Colhe-se da ementa do citado julgado:
CONTRATO BANCÁRIO. REVISÃO E CONSIGNAÇÃO EM PAGAMENTO. SENTENÇA PROLATADA INDEPENDENTEMENTE DE INSTRUÇÃO PROCESSUAL. CERCEAMENTO DE DEFESA INOCORRENTE. CODECON. CONSIGNATÓRIA. HIPÓTESE DE PROCEDÊNCIA PARCIAL. NOVAÇÃO. INEXISTÊNCIA. CONTRATO ADESIVO. NULIDADE INEXISTENTE. JUROS. LIMITAÇÃO CONSTITUCIONAL. AUTO-APLICABILIDADE. CAPITALIZAÇÃO DE JUROS. AUSÊNCIA DE PREVISÃO LEGAL. IMPOSSIBILIDADE DA IMPOSIÇÃO. TR COMO FATOR DE ATUALIZAÇÃO DO DÉBITO. NÃO UTILIZAÇÃO NO CASO. MULTA CONTRATUAL. INCIDÊNCIA DO ART. 924 DO CC.PROVIMENTO PARCIAL DO APELO DA AUTORA. RECURSO ADESIVO DESACOLHIDO.
- Versando os autos sobre matéria essencialmente jurídica, o que torna irrelevante a produção de provas outras que não aquelas já produzidas com a inicial e com a peça de resistência, o equacionamento de plano do litigio, com erradicação da etapa de dilação probatória, não gera cerceamento de defesa.
- Contratos bancários de concessão de crédito firmados com empresas comerciais não se submetem à disciplina do Código de Defesa do Consumidor, posto que, em tal hipótese, a própria atividade a que se dedica a tomadora do empréstimo está a indicar que os valores obtidos destinam-se a serem canalizados à atividade produtiva, não enquadrável a obrigada, assim, no conceito específico de consumidor final. E a destinação da proteção concedida pelo Diploma Protetivo em referência é, com exclusividade, o consumidor final e não o intermediário.
- Nas ações consignatórias em pagamento, consignada a primeira parcela vencida ou prestes a vencer-se, a lei processual civil contempla o consignante com a faculdade de depositar em juízo e nos mesmos autos as parcelas do débito que forem se vencendo no curso da lide. Se esses depósitos não são feitos, ou se são mal feitos ou extemporaneamente feitos, a solução adequada não é, em absoluto, a improcedência integral da ação, mas sim a sua procedência parcial, consideradas quitadas e extinta a obrigação no pertinente às parcelas correta e tempestivamente consignadas.
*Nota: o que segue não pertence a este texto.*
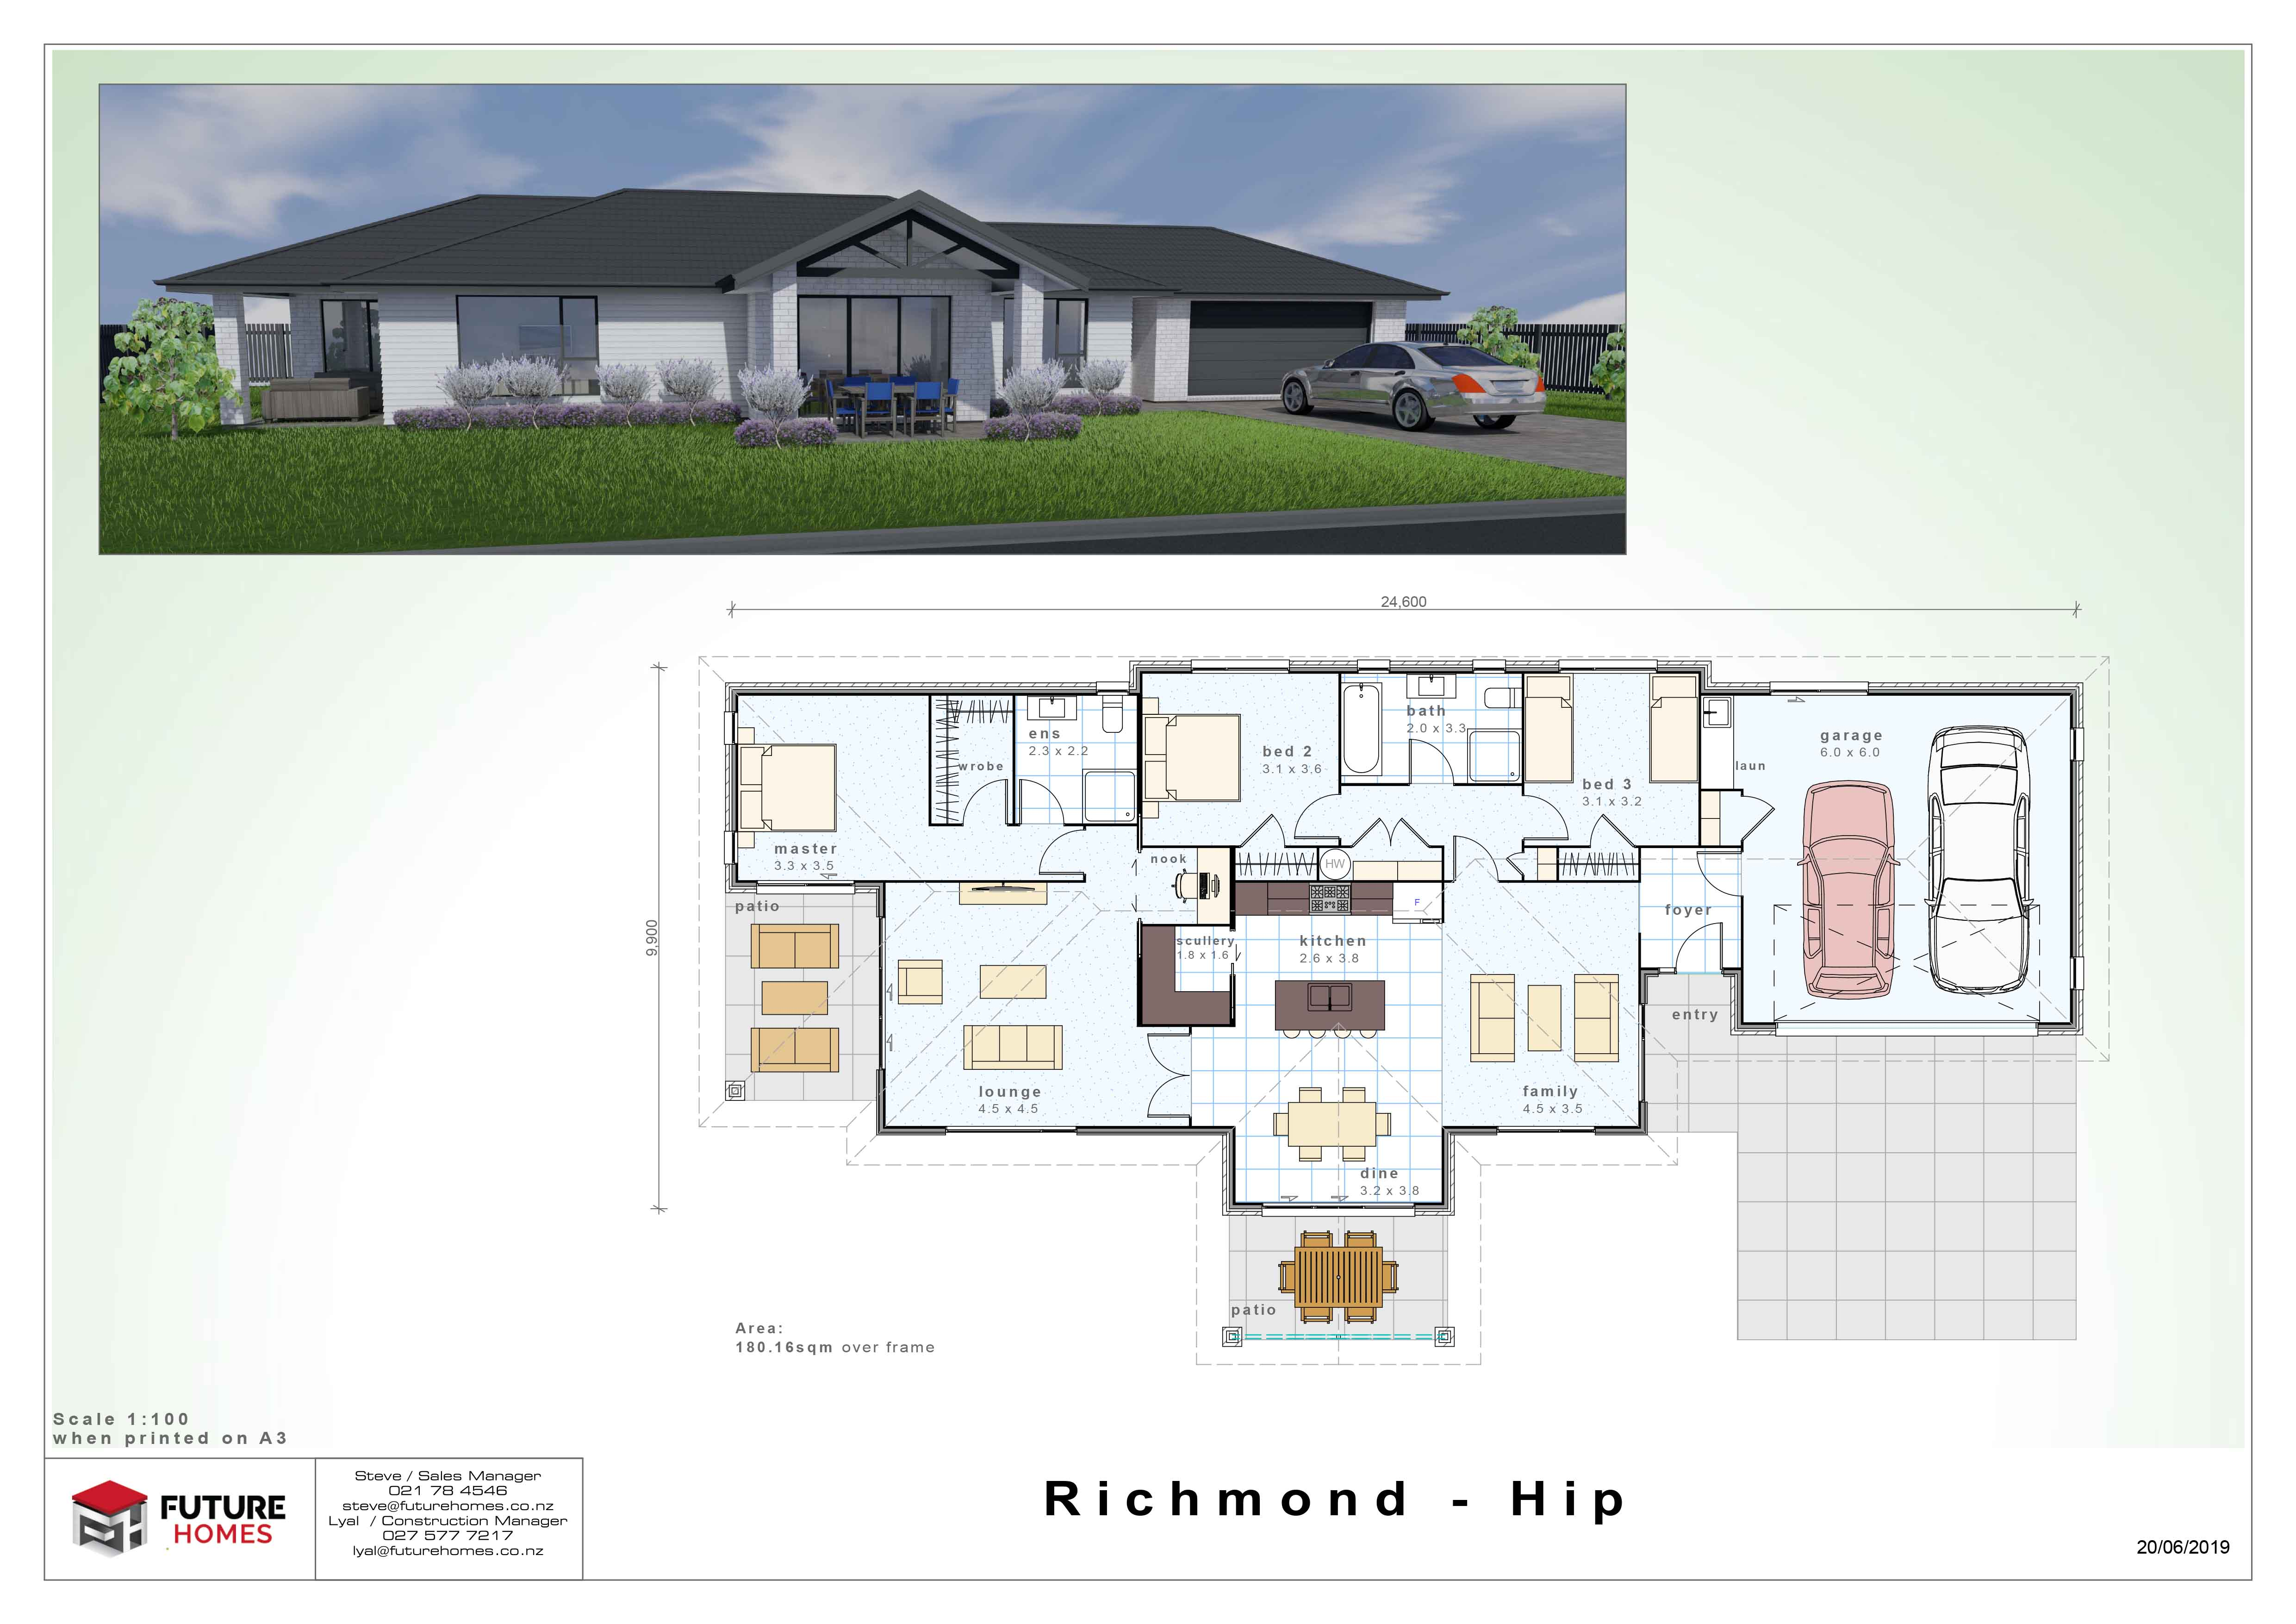 Richmond – Hip

- Nos aditivos contratuais de retificação e ratificação, a intenção das partes tende apenas à alteração ou modificação do valor da obrigação, incorporando ao valor do débito primitivo os acessórios vencidos, com a fixação de novo prazo para o pagamento da totalidade da obrigação. Tal não implica em novação, já que, mercê da nova avença, inexiste extinção da obrigação originária, senão apenas a incorporação a ela de acessórios não pagos.
- Ainda que determinado contrato possa revelar um pacto de adesão isto apenas e por si só não o nulifica. O que há que considerar o julgador, nessas hipóteses, é que tratando-se de cláusulas às quais simplesmente aderiu a parte economicamente mais desprotegida, devem ser elas analisadas sob a ótica legal, expurgadas aquelas que não traduzam fidelidade com as normas inseridas, acerca delas, no ordenamento jurídico pátrio.
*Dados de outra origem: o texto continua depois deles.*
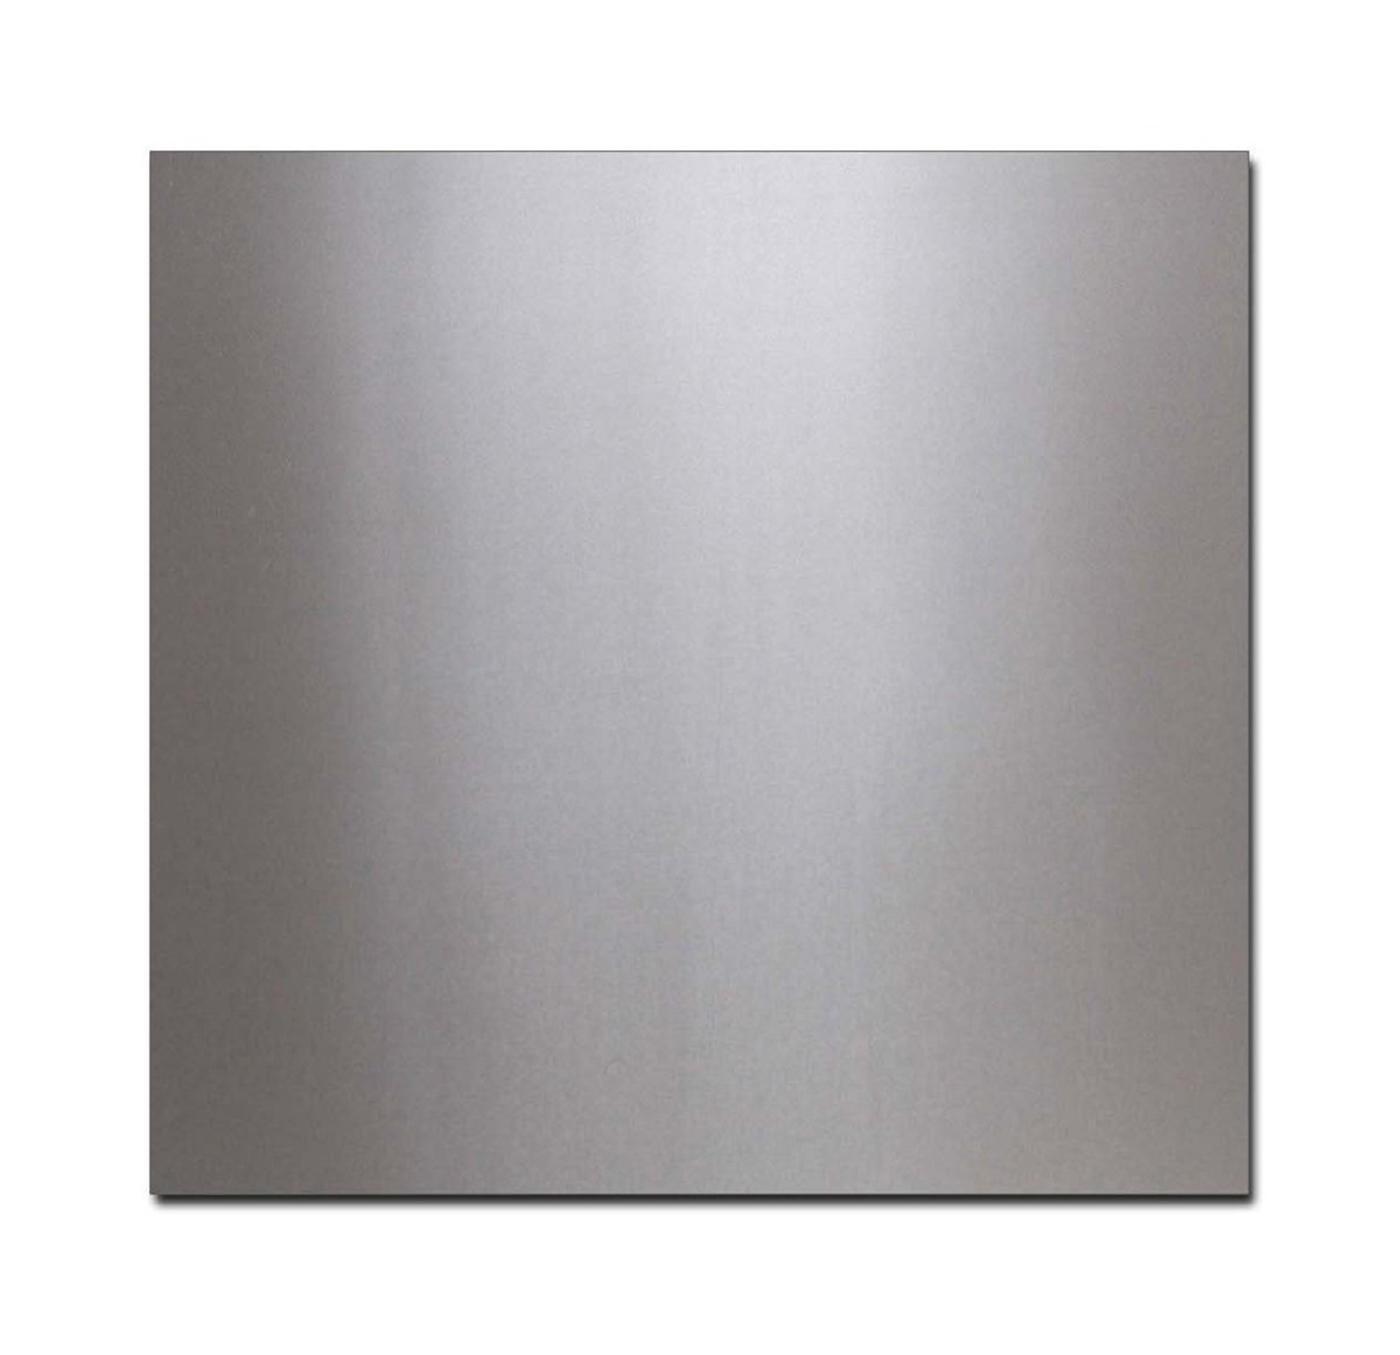 - Amazon.com: KOBE SSP36 36-Inch Stainless Steel Backsplash Panel

- A norma do art. 192, § 3º, da Carta Magna, limitando a taxa máxima de juros no patamar ânuo de 12% é de incidência imediata, aplicando-se a todos os contratos em vigor. Não há razão de nenhuma ordem para que se insista na indispensabilidade da edição de lei ordinária que regulamente a questionada disposição, posto que, naquilo que lhe constitui a essência, ou seja, a limitação dos juros, já contém ela o elemento basilar do qual não poderá se afastar o legislador ordinário.
- A capitalização de juros, em se tratando de contratos comuns de mútuo bancário, incide na prática do anatocismo vedado em lei. Essa capitalização somente é admissível, no direito pátrio, nas excepcionais hipóteses para as quais exista previsão legal específica, tal como ocorre em relação aos créditos rurais, comerciais e industriais.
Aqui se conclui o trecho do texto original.